Problem: The range to repeat runs from the line with "Castle of Light" to the last line below, both ends included; give it exactly and without pictures.

Material provided:
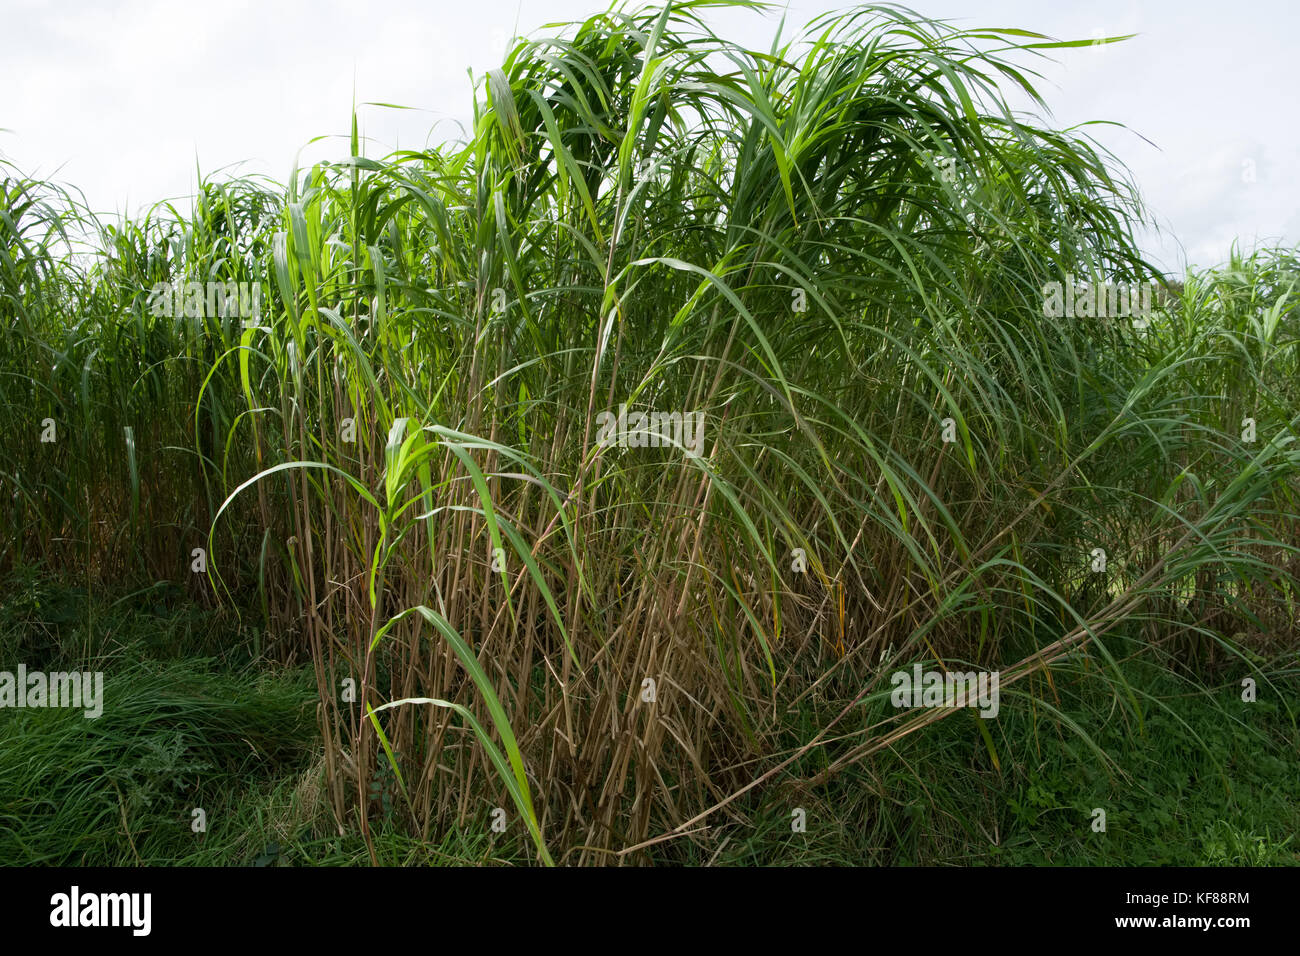 Miscanthus (im Allgemeinen als Elephant Grass bekannt) ist eine ertragreiche Energieernte, die über 3 Meter groß wird, Bambus ähnelt und jede Ernte produziert Stockfoto
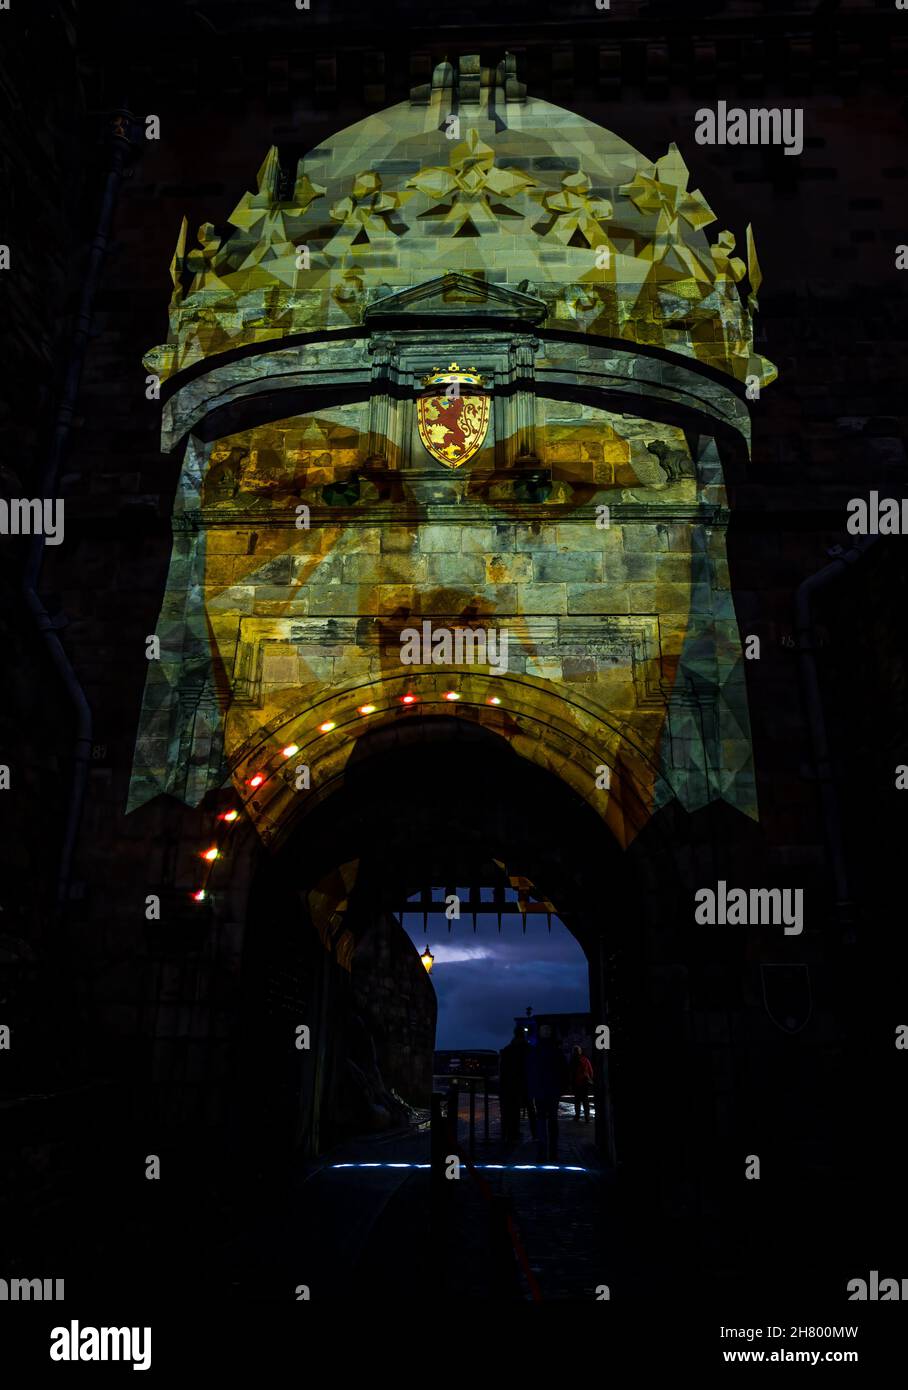 Castle of Light Bildprojektion des Königs mit Krone auf Portcullis-Tor bei Nacht, Edinburgh Castle, Schottland, Großbritannien Stockfoto
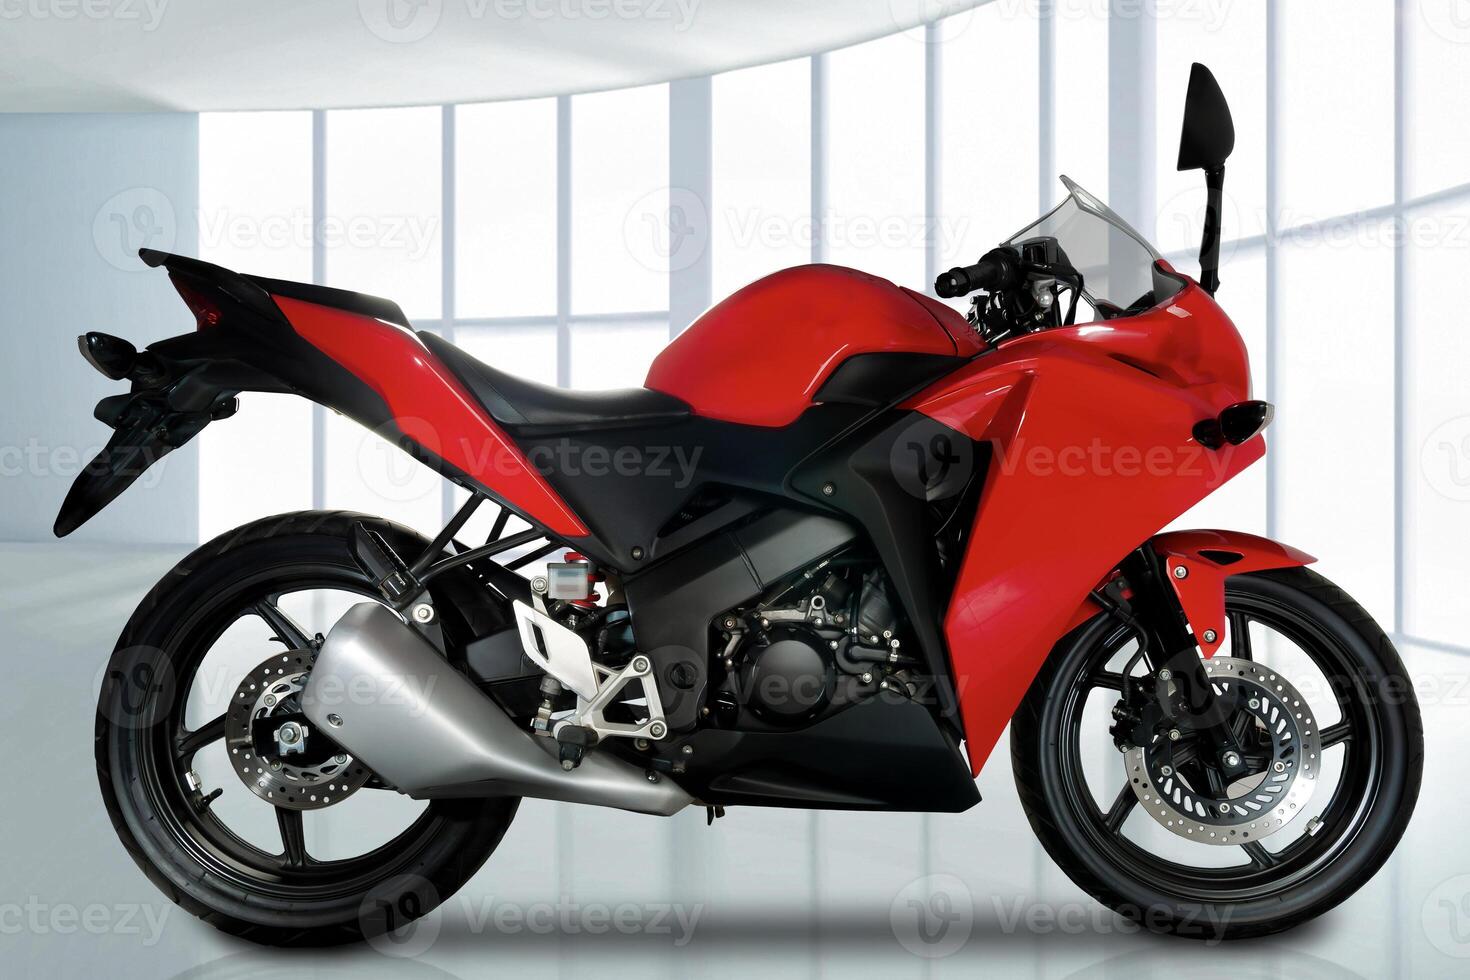 full sida se av röd sporter typ motorcykel med bränsle injektion systemet, 250 cc motor, foto
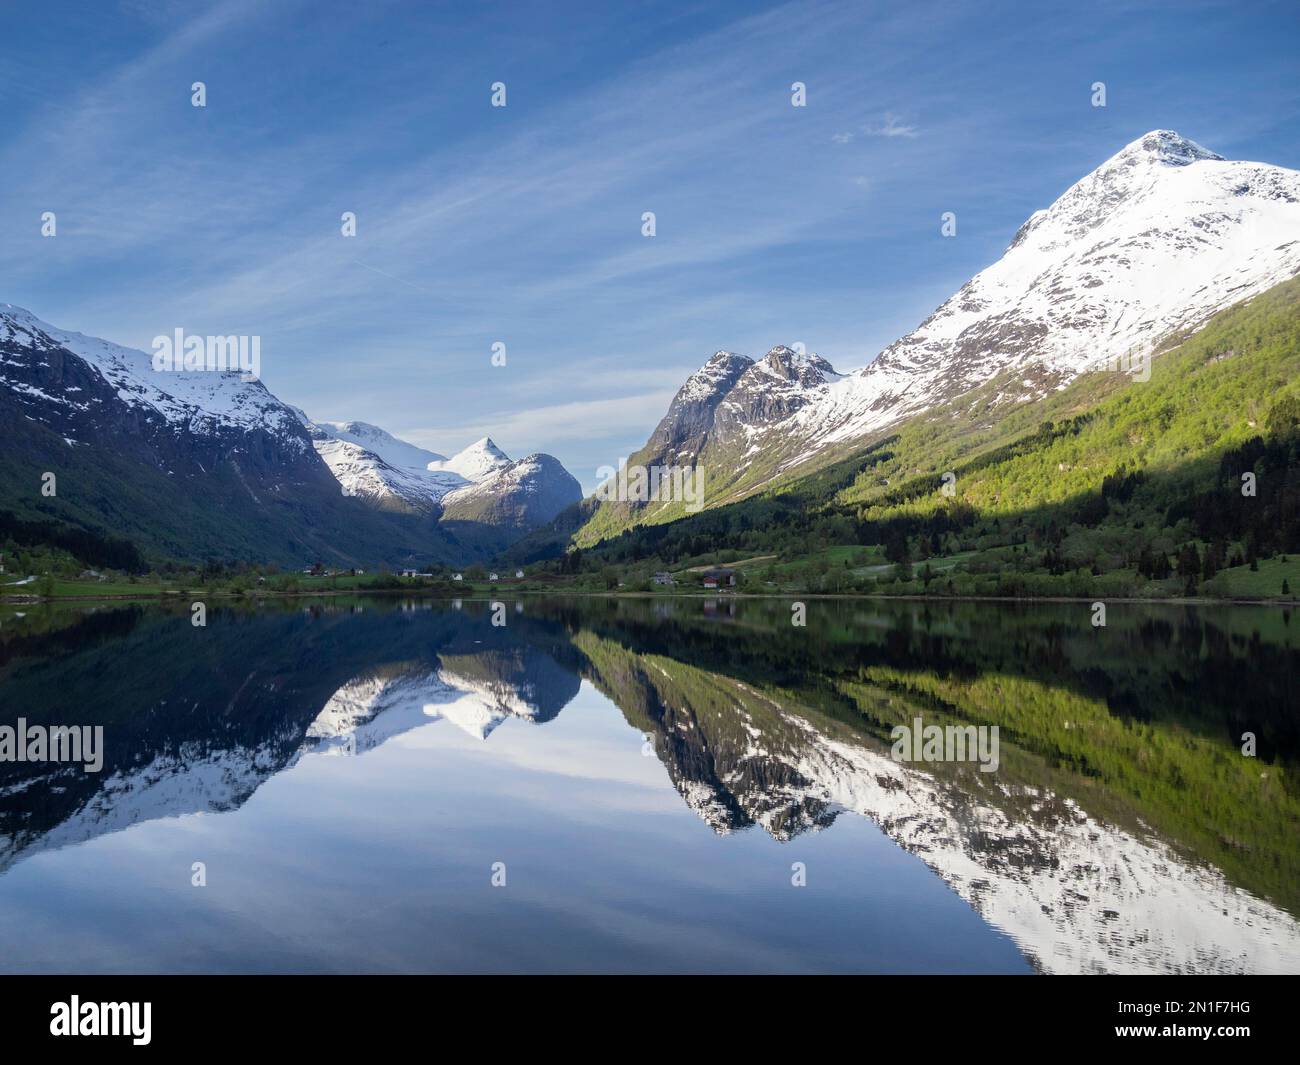 Una vista sulle montagne innevate e le riflessioni sul lago Oldevatnet, all'interno della valle del fiume Oldedalen, Vestland, Norvegia, Scandinavia, Europa Foto Stock
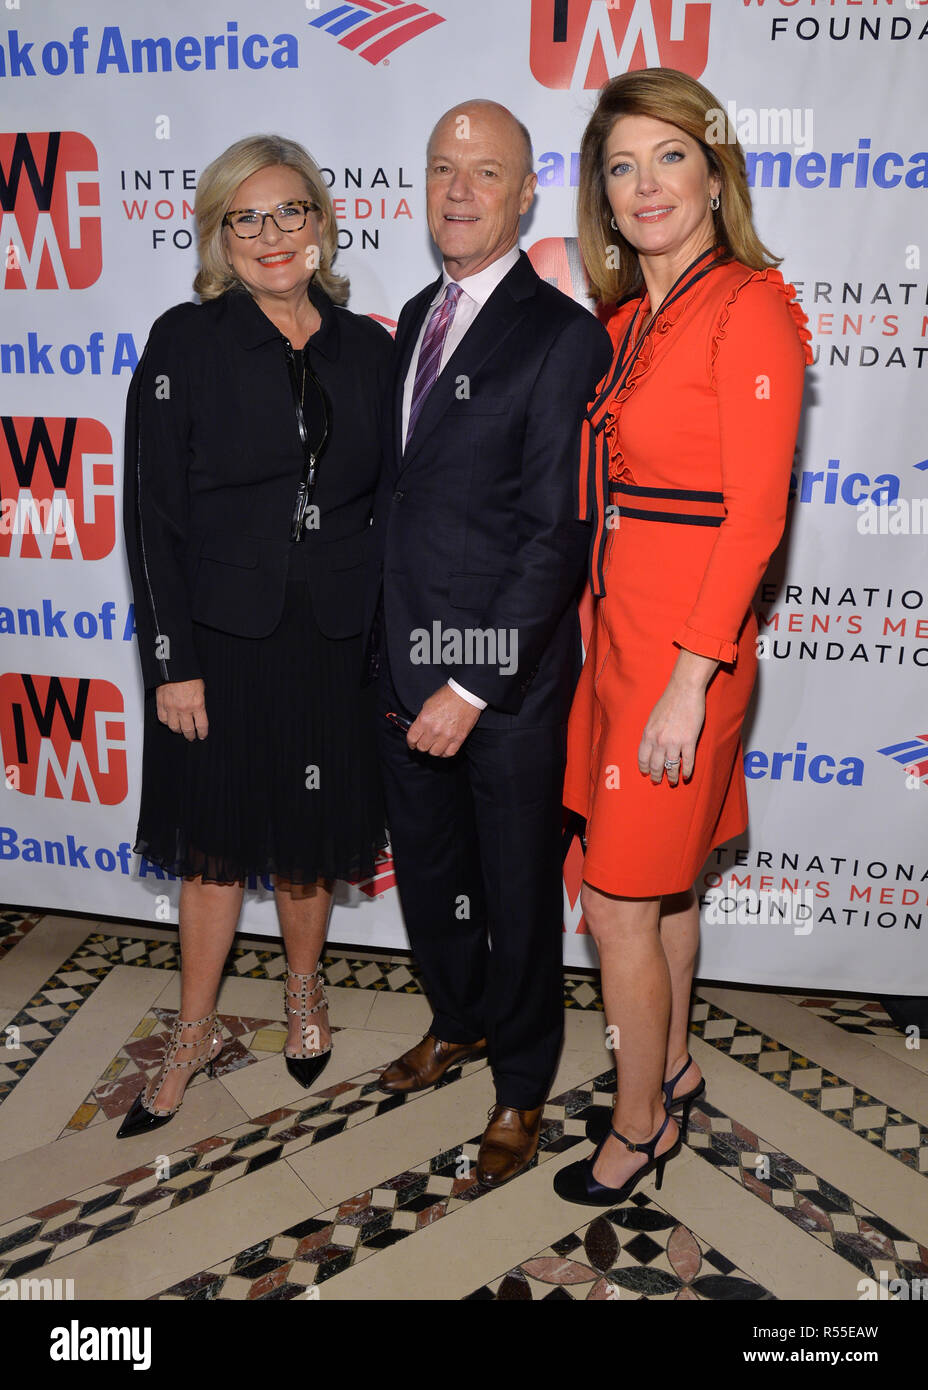 Cynthia McFadden, Phil Griffin e Norah O'Donnell frequentare il 2018 internazionale della donna Media Foundation il coraggio di giornalismo i premi a Cipriani 4 Foto Stock

Solution to this exercise:
 Castle of Light Bildprojektion des Königs mit Krone auf Portcullis-Tor bei Nacht, Edinburgh Castle, Schottland, Großbritannien Stockfoto
 full sida se av röd sporter typ motorcykel med bränsle injektion systemet, 250 cc motor, foto
 Una vista sulle montagne innevate e le riflessioni sul lago Oldevatnet, all'interno della valle del fiume Oldedalen, Vestland, Norvegia, Scandinavia, Europa Foto Stock
 Cynthia McFadden, Phil Griffin e Norah O'Donnell frequentare il 2018 internazionale della donna Media Foundation il coraggio di giornalismo i premi a Cipriani 4 Foto Stock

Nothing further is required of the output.